African Regulators Eye Open Banking Frameworks
While Ecobank was moved to open up its infrastructure to third parties out of a realization that FinTechs can reach new customer segments that the legacy banking model has traditionally underserved, many African countries are also considering a regulatory nudge in the style of the EU’s second payment services directive (PSD2).
That piece of legislation acted as a catalyst for Europe’s open banking movement by creating a legal mandate for banks to share account data with authorized third parties and allow payment initiation via open APIs.
In October last year, the Central Bank of Egypt (CBE) adopted a new set of regulations governing the country’s instant payments network (IPN).

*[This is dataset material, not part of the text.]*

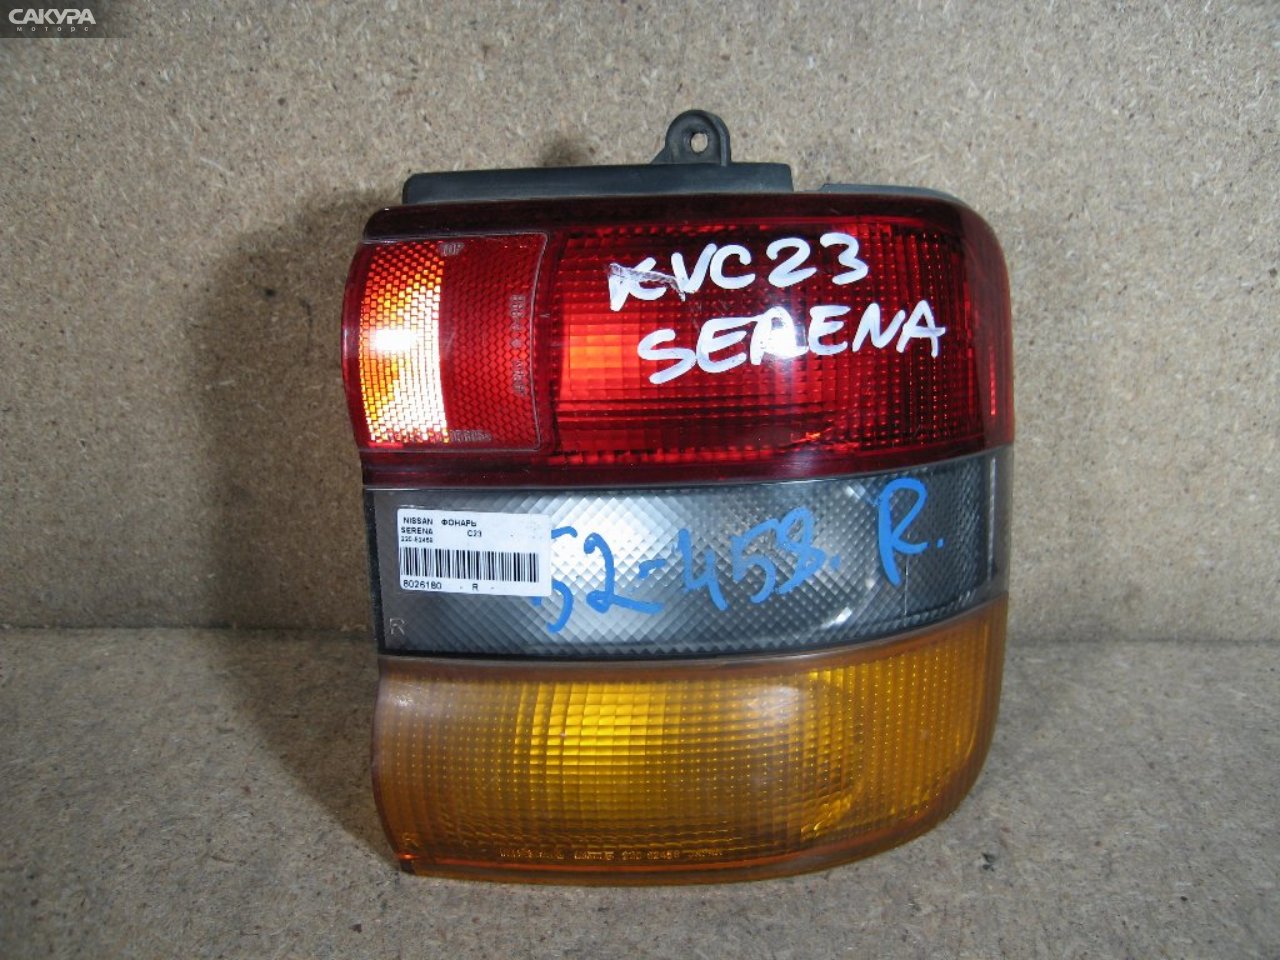 Фонарь стоп-сигнала правый Nissan Serena KBC23 220-52458: купить в Сакура Абакан.

See more: Egypt’s Central Bank Approves Instant Payment Regulations
Taking a different approach to open banking than PSD2, the new regulations allow approved mobile phone applications to provide payment services and instant transfers, revealing the mobile-centric nature of Africa’s nascent open banking sector.
CBE’s First Sub-Governor of Banking Operations Amany Shams-Eldin said at the time that the focus on mobile payment apps was intended to “[support] the improvement of the financial services provided, and contributes to creating new competitive opportunities that will attract new customers to the banking sector.”
Meanwhile, the Central Bank of Nigeria has a published Regulatory Framework for Open Banking, defining how Nigerian banks should approach data sharing with third parties.
For its part, in a strategy document for the years 2021-2025, the Central Bank of Kenya (CBK) also hinted that an open banking mandate is on the horizon. “CBK will work to define standards for effective and appropriate API development and mandate robust but secure data portability in the market,” the five-year plan said.